アムロジピンの効能・効果

アムロジピンは、高血圧症と狭心症に対して使用する成分です。

体の血管を広げて血流をよくする作用があり、血流がよくなることで血管への圧力が下がり、血圧を下げることにつながります。

アムロジピンの特徴

アムロジピンは長時間作用型の高血圧薬であり、半減期が約37時間前後と長いことが特徴です。

また、アムロジピンはCa拮抗薬であり、血管平滑筋の収縮を阻害し血管抵抗を下げるとともに、心筋の収縮力も低下させます。これにより、アムロジピンは血管抵抗と心拍出量を下げ、収縮期血圧と拡張時血圧の両方を下げることができます。降圧薬としては特によく処方される種類の薬です。

狭心症では、Ca拮抗薬を硝酸薬、β遮断薬などの狭心症治療薬と併用することで、狭心症の増悪や心筋梗塞の発生を抑制するため、これらの2剤とよく併用されます。

アムロジピンの用法・用量

高血圧症に使用する場合

年齢によって使用量に違いがあります。

15歳以上の成人に使用する場合、症状に応じて使用量が調整されますが、通常、2.5〜5mgを1日1回使用します。効果が不十分な場合は1日10mgまで増量することが可能です。
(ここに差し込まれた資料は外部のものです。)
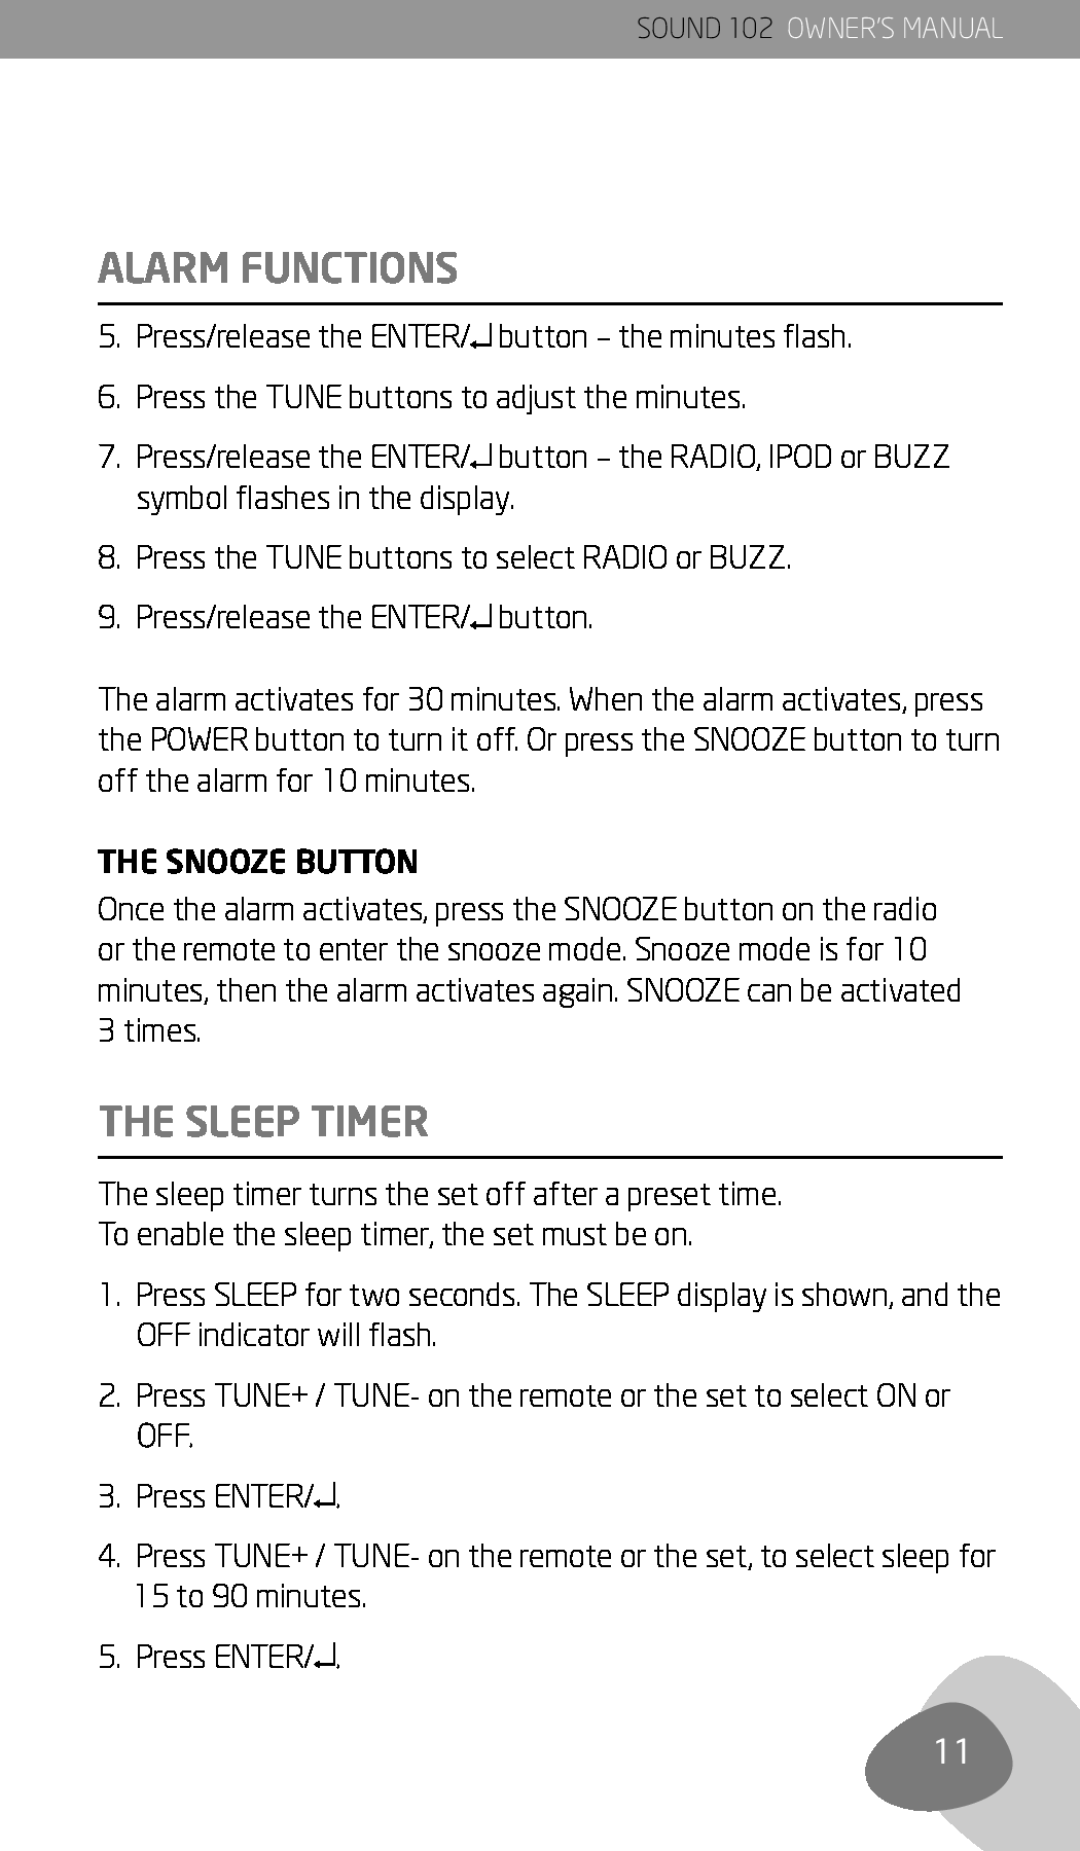 Eton 102 owner manual The Sleep Timer, Alarm Functions

6歳以上15歳未満の小児に使用する場合、通常、2.5mgを1日1回使用します。年齢・体重・症状などによって用量を調整しますが、5mgを使用上限とします。

狭心症に使用する場合

通常、5mgを1日1回使用しますが、年齢・体重・症状によって用量は調整されます。

飲み忘れた場合

高血圧・狭心症どちらの場合でも、飲み忘れに気がついた場合は、2時間以内であれば飲み忘れた分をその場で使用してください。

飲み忘れから2時間以上経ってしまった場合は、飲み忘れの分は使用せず、次の日から規定の用法・用量で使用を再開してください。

使用上の注意

ジヒドロピリジン系化合物に対し、アレルギー反応をおこしたことがある方はアムロジピンを使用することができません。

妊婦・授乳婦の使用について

動物実験の結果によると、妊娠末期にアムロジピンを使用した場合、妊娠期間や分娩時間が延びることが確認されています。そのため、妊娠中の方、妊娠している可能性のある方がアムロジピンを使用してはいけません。
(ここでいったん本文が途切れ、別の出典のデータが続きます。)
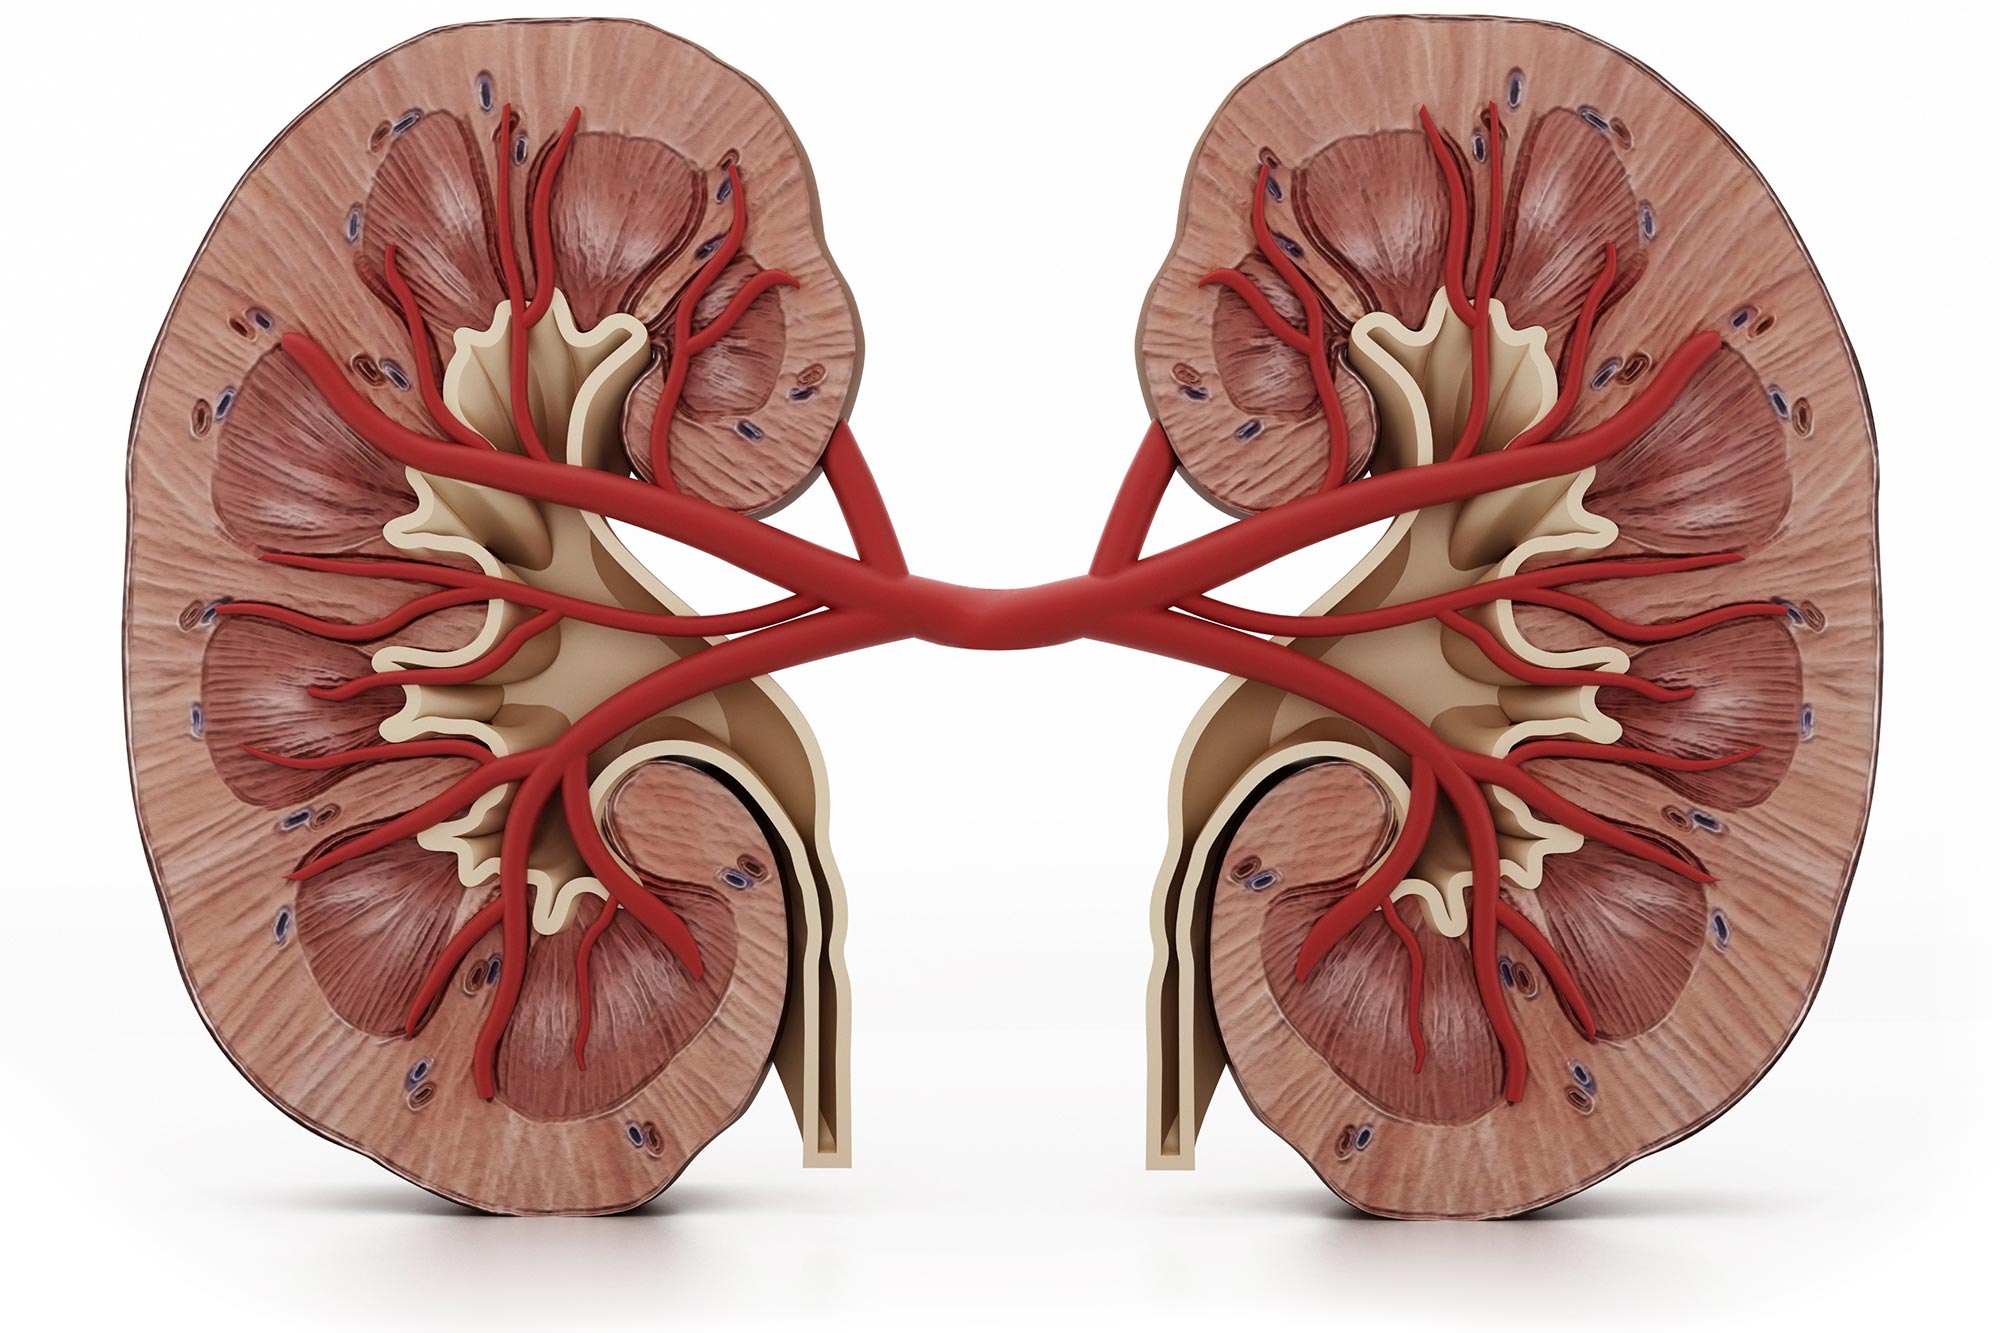 Illustration of human kidney

授乳中の方がアムロジピンを使用すると、薬の成分が母乳へ移行することが確認されているため、授乳中は使用を控えることが望ましいとされています。止むを得ず使用する場合は、薬の効いている時間は授乳を避けてください。

小児の使用について

基本的には6歳以上の子供から使用される薬です。6歳未満の子供への使用経験はあまりない薬ですが、医師の判断で使用する場合もあります。

高齢者が使用する場合の注意点

高齢者は過度な降圧が好ましくないとされています。また、高齢者を対象におこなった薬の体内動態試験によると、薬の血中濃度が高くなり、血中濃度半減期が長くなる傾向が確認されています。そのため、1日2.5mgから使用を開始するなど、医師の判断により用法用量が調整される可能性があります。医師の指示を正しく守って使用してください。

身近な物との飲み合わせ

グレープフルーツジュースとアムロジピンを一緒に飲んでしまうと、アムロジピンの血中濃度が上昇する可能性があるため、同時に飲まないように注意してください。

アムロジピンとアルコールとの相互作用は報告されていないため、併用自体は注意喚起されていません。しかし、アルコールを飲むことで血流がよくなったり悪くなったりするため、薬の吸収や代謝に影響が出て効果にも影響が出ることがあります。
どうしても外せないお酒の席がある場合は、必ず医師・薬剤師に相談しながら指示を仰ぎましょう。

アムロジピンの副作用

主な副作用はほてり、頭痛・頭重、動悸などです。

降圧作用によるめまい・ふらつきなどもあらわれることがあるため、自動車の運転や危険をともなう機械操作、高所作業などは控えるようにしてください。

重大な副作用として劇症肝炎、肝機能障害、黄疸、無顆粒球症、白血球減少、血小板減少、房室ブロック、横紋筋融解症があらわれる可能性があります。

副作用と思われる症状があらわれた場合は、薬の使用を中止し医療機関を受診してください。